Thursday, October 16, 2008

NAU Ventures provides patents

[Source: Joey Chenoweth, Jack Central] - A new initiative called NAU Ventures has been established to create a system that will connect university researchers with resources to get their discoveries patented and into commercial distribution.

NAU Ventures, in a contract signed with the university, is a technology advancement plan designed to take discoveries and inventions, called invention disclosures, from faculty and student researchers and give them advice as far as getting their idea patented and commercialized. This is done through a partnership with the Northern Arizona Center for Emerging Technologies (NACET), a local business incubator. An incubator provides start-up companies with space, advice, an array of services and access to investors.

NAU Ventures is being managed by Dr. Al Poskanzer, the head of Poskanzer & Associates, a consulting business focused on technology collaboration, commercialization and licensing.
“The technology transfer plan at any university involves getting discoveries and inventions patented and licensed by private companies,” Poskanzer said. “Another goal is to contribute to the economic development of the local community.”

Poskanzer, whose experience includes being the director of technology licensing for Boeing and being the technology transfer director at ASU, said NAU Ventures encourages university professors with new research to become entrepreneurs by starting their own businesses in order to get their ideas into the market.

“Suppose you have a professor that invents a pill that cures cancer,” Poskanzer said. “They can go through NAU Ventures and we would encourage them to start their own company, and we would take that discovery from the laboratory into commercialization.”

Poskanzer said NAU Ventures is a great opportunity for NAU to show leadership to the other two research universities in Arizona as well.

“It is really setting a great example for the other two universities,” Poskanzer said. “It’s the only technological advancement program (in Arizona) that is joined at the hip with a local incubator.

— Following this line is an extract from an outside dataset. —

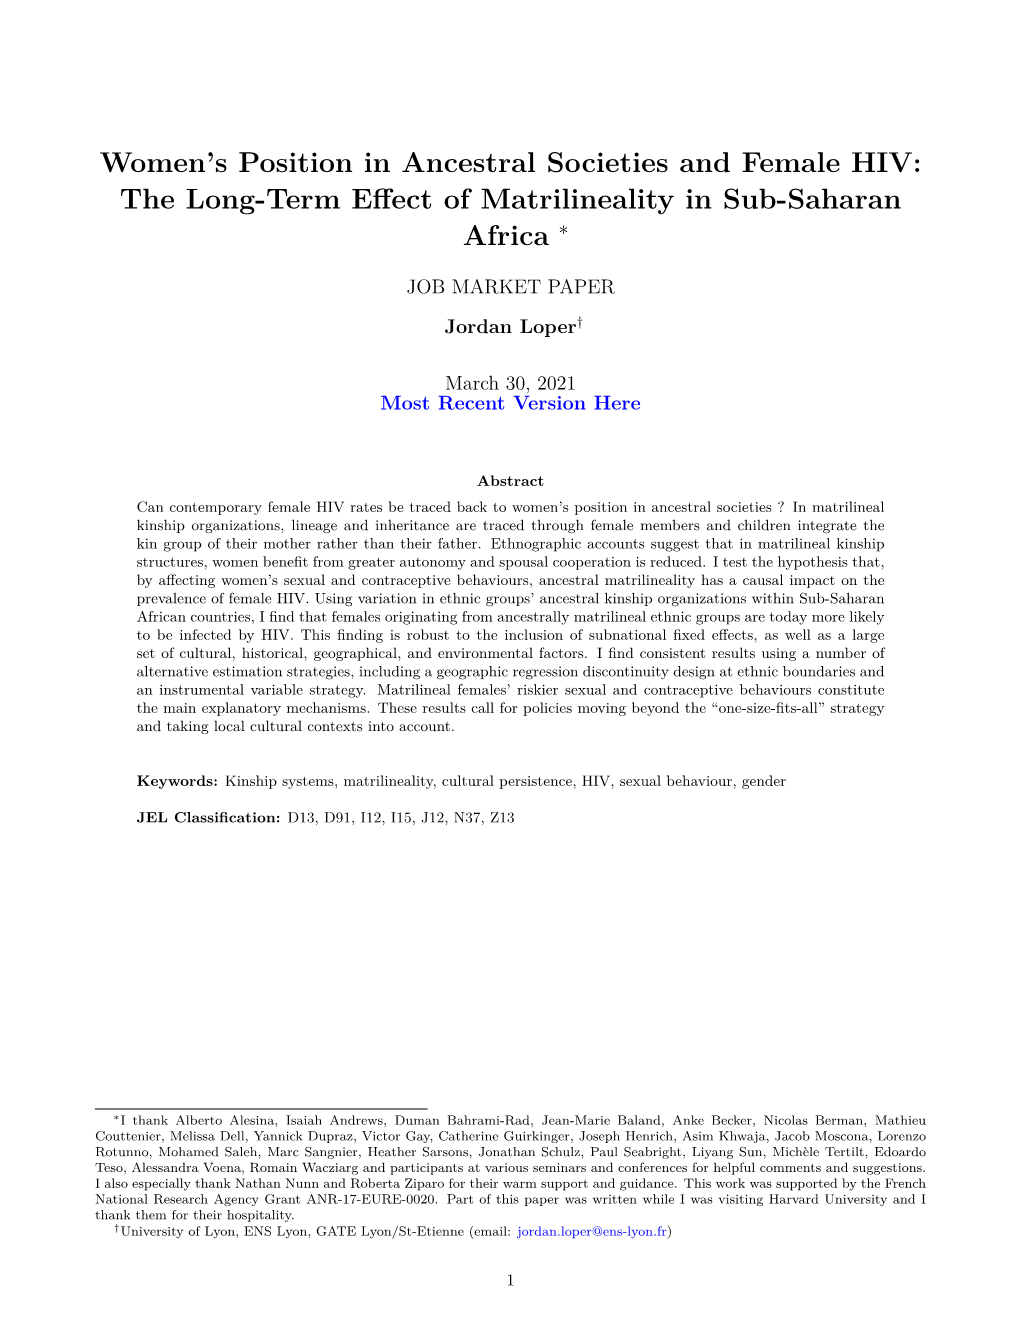 The Long-Term Effect of Matrilineality in Sub-Saharan Africa

NAU is really setting an example for the rest of the state in this area.”

One company hoping to benefit from NAU Ventures is SenesTech Inc. Assistant Research Professor Loretta Mayer, Researcher Cheryl Dyer from the Department of Biology, and Assistant Professor Tim Vail from the Department of Chemistry founded SenesTech in 2002.

SenesTech is a company that focuses on reproductive strategies for wildlife population control.

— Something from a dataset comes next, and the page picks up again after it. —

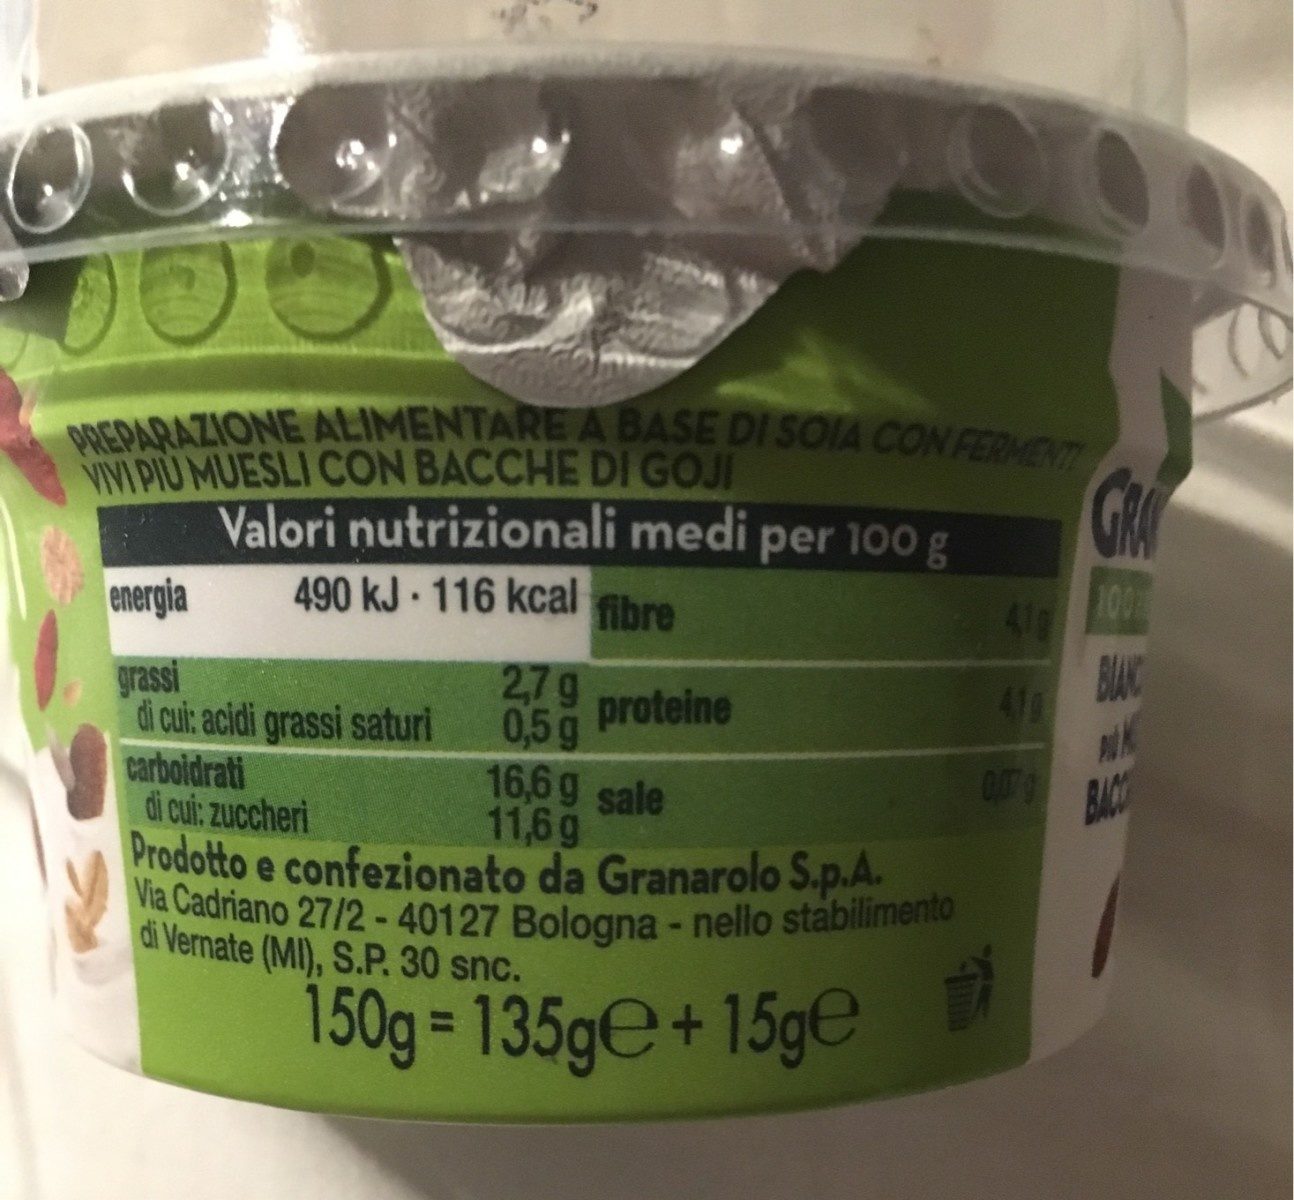 Granarolo 100% Dairy Free -plain Yogurt Alternative - Valori nutrizionali - fr

The company’s current project is to address the overpopulation of rice field rats in southeast Asia. These rats are consuming somewhere from 10 to 50 percent of the region’s pre-harvest rice crop. Ten percent of the crop alone is enough to feed about 380 million people. SenesTech has developed bait they will be testing in the island of Java, Indonesia next month.

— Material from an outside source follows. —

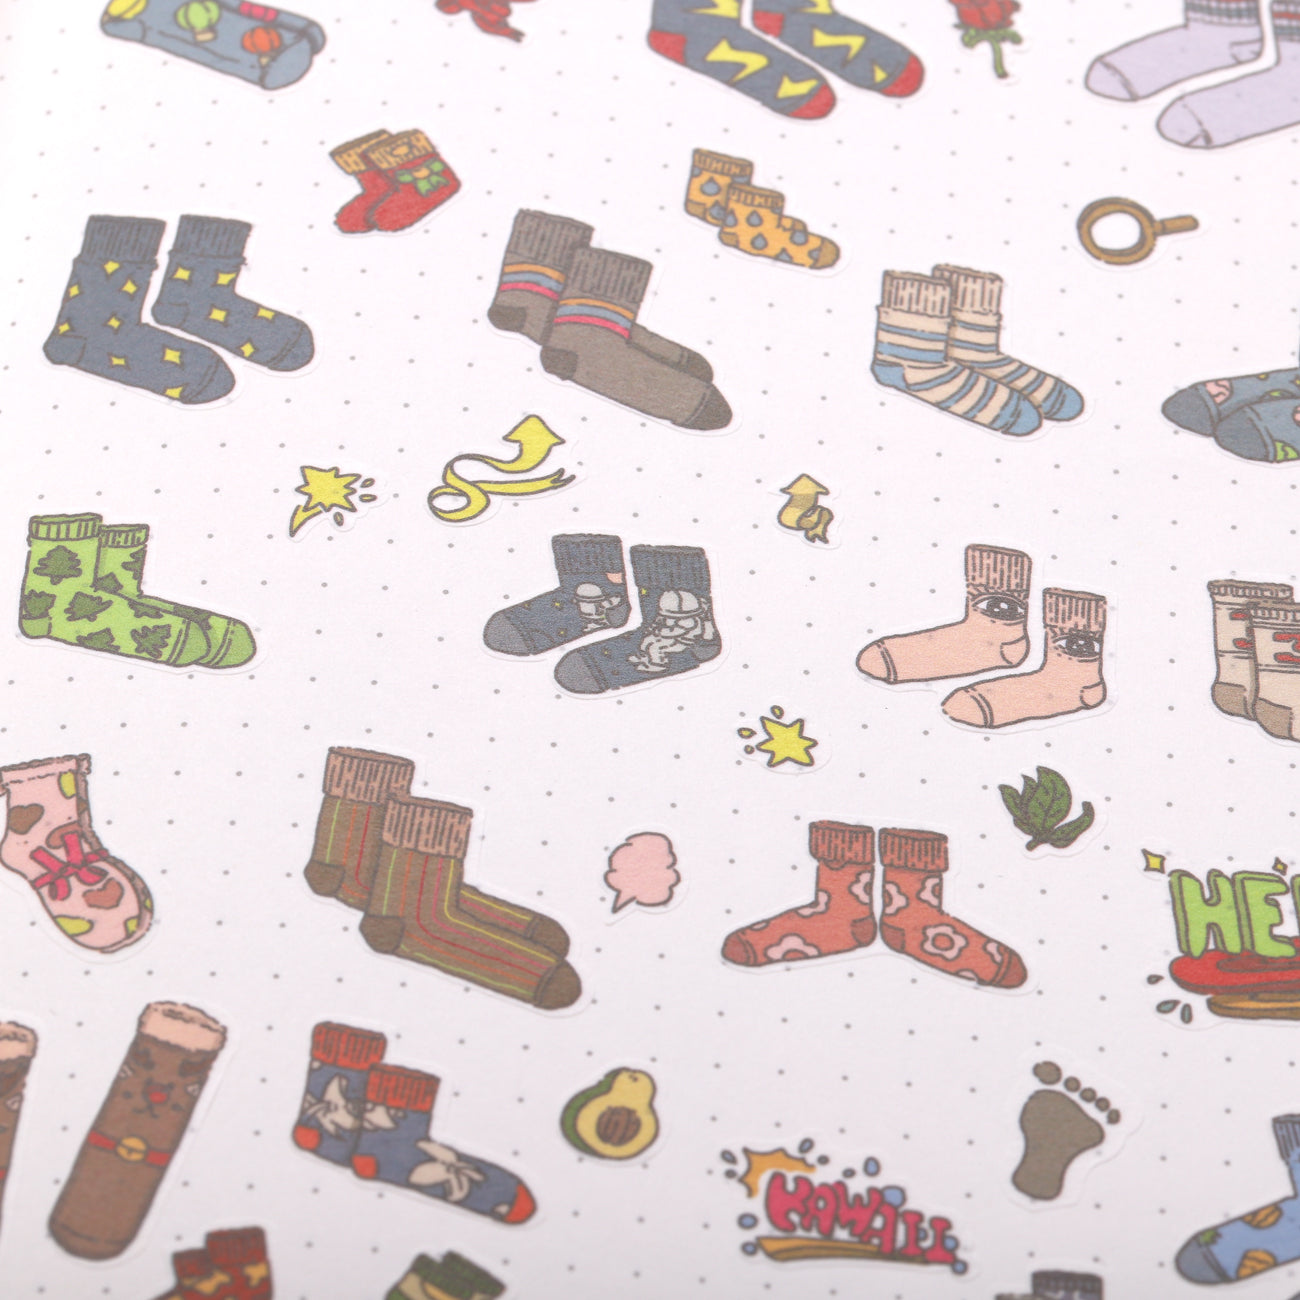 Statioholic Original Stickers -Socks

Mayer said SenesTech has plans for future projects, including population control for feral dogs and cats worldwide, the white-tailed deer in the northeast United States and rodents that contaminate greeneries around the world. The company, which was formerly partnered with the U of A, is now working with NAU Ventures on these projects in order to have a closer proximity.

“I hope (NAU Ventures) would provide patents and future licenses that will provide opportunities for SenesTech,” Mayer said. “Because I’m at NAU, this is where my laboratories are. This is where my ideas can be developed that will be improvements in technology.”

Laura Huenneke, NAU vice president for research, is in charge of taking research from researchers and disclosing it to NAU Ventures in order to get their advice for the next step. She is working with the initiative to go through the university files and find all the invention disclosures from the past 10 years.

NAU Ventures then looks at each disclosure and decides whether it has potential for commercialization. Between six and 12 disclosures are chosen for review for each year. NAU Ventures is also meeting with faculty and staff in order to discuss future ideas.

Huenneke said some universities have made great profit from technology expansion programs like this, such as the University of Florida when they invented Gatorade. However, she said this is not the goal for NAU.

“In our case, we’re more concerned with the professional opportunity for our faculty so we can attract and keep a higher-quality faculty,” Huenneke said. “We’re doing this more for the benefit of our faculty and our students rather than because we think we can make a couple million dollars out of it.”

She also said the program offers great benefits for students as well.

“For students, it’s an opportunity to see how creativity at the university can create business opportunities for them in the future,” Huenneke said. “The opportunity is a way to benefit the students’ education.”

Poskanzer also said he sees a bigger impact coming from NAU Ventures.

“Hopefully we’ll create more jobs in Flagstaff,” Poskanzer said. “And hopefully we’ll put NAU and Flagstaff on the map with respect to the formation of new high technology companies that would be headquartered in Flagstaff.”